🤖 AI Summary
Wildfire ignition by overhead transmission lines poses a critical public safety risk, necessitating targeted undergrounding investments to enhance grid resilience.
Method: This paper proposes a segment-level (span-wise) undergrounding investment prioritization framework that integrates probabilistic ignition modeling, weather-driven simulation, and IEEE-standard power system modeling. Leveraging Monte Carlo analysis across 43,712 weather–operating scenarios, it quantifies both ignition probability and potential wildfire losses per line segment, enabling the first fine-grained assessment coupling ignition risk with full-weather-scenario variability.

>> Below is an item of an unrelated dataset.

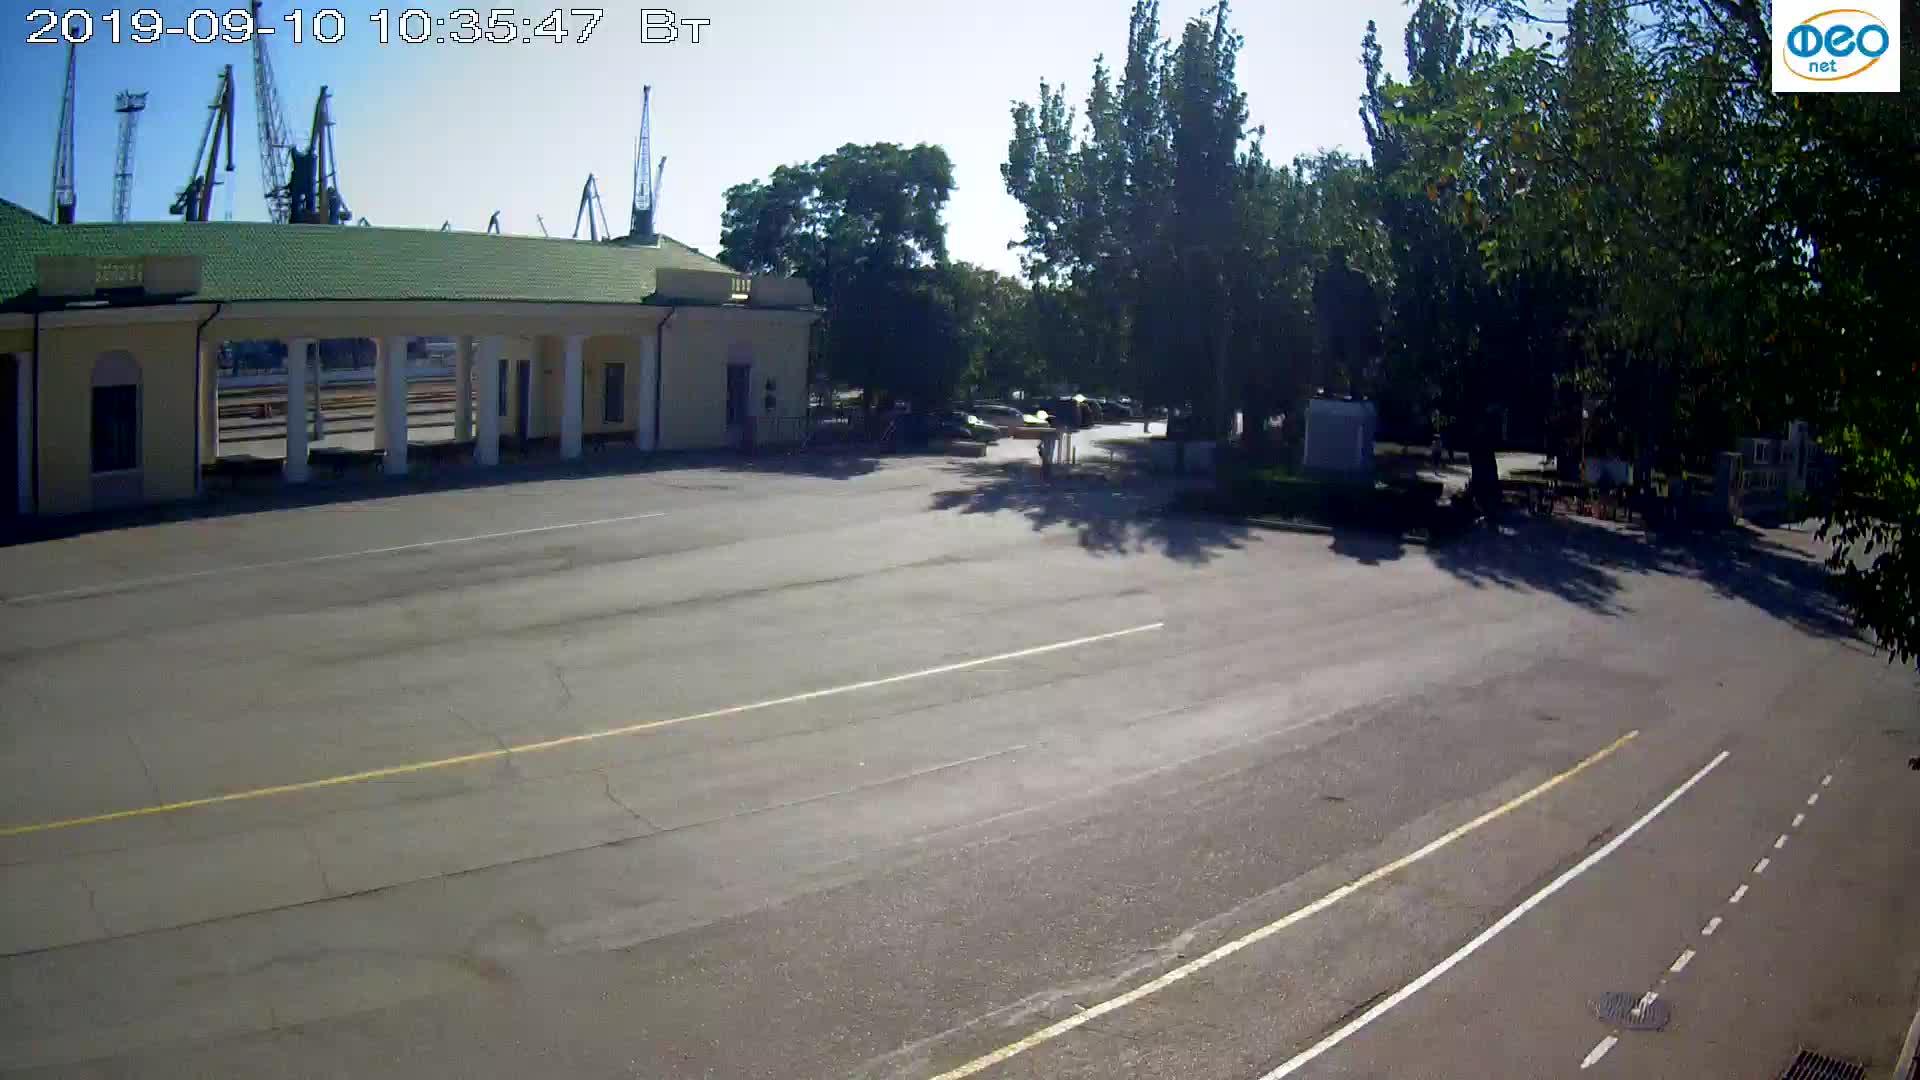 Веб-камеры Феодосии, Привокзальная площадь 2, 2019-09-10 10:23:11

Contribution/Results: The method establishes a quantitative CapEx–risk-mitigation trade-off framework, yielding an economically optimal undergrounding priority list. Validated on the IEEE 30-bus system, it achieves significantly higher risk-reduction efficiency per unit investment compared to conventional approaches, providing a reusable, scalable decision-support tool for utility-scale grid hardening.
📝 Abstract
Grid-ignited wildfires are one of the most destructive catastrophic events, profoundly affecting the built and natural environments. Burying power lines is an effective solution for mitigating the risk of wildfire ignition. However, it is a costly capital expenditure (CapEx) requiring meticulous planning and investment prioritization. This paper proposes a systematic approach to estimate the potential wildfire ignition damage associated with each transmission line and accordingly offers a priority list for undergrounding. The proposed approach allows electric utilities to make risk-informed decisions for grid modernization and resiliency improvement against wildfires. As a case study, we examine the likelihood of wildfire ignition for each line segment, i.e., between two high-voltage towers, under diverse weather conditions throughout the year. The studies on the standard IEEE 30-bus test system, simulated on 43,712 scenarios, demonstrate the effectiveness of the proposed approach.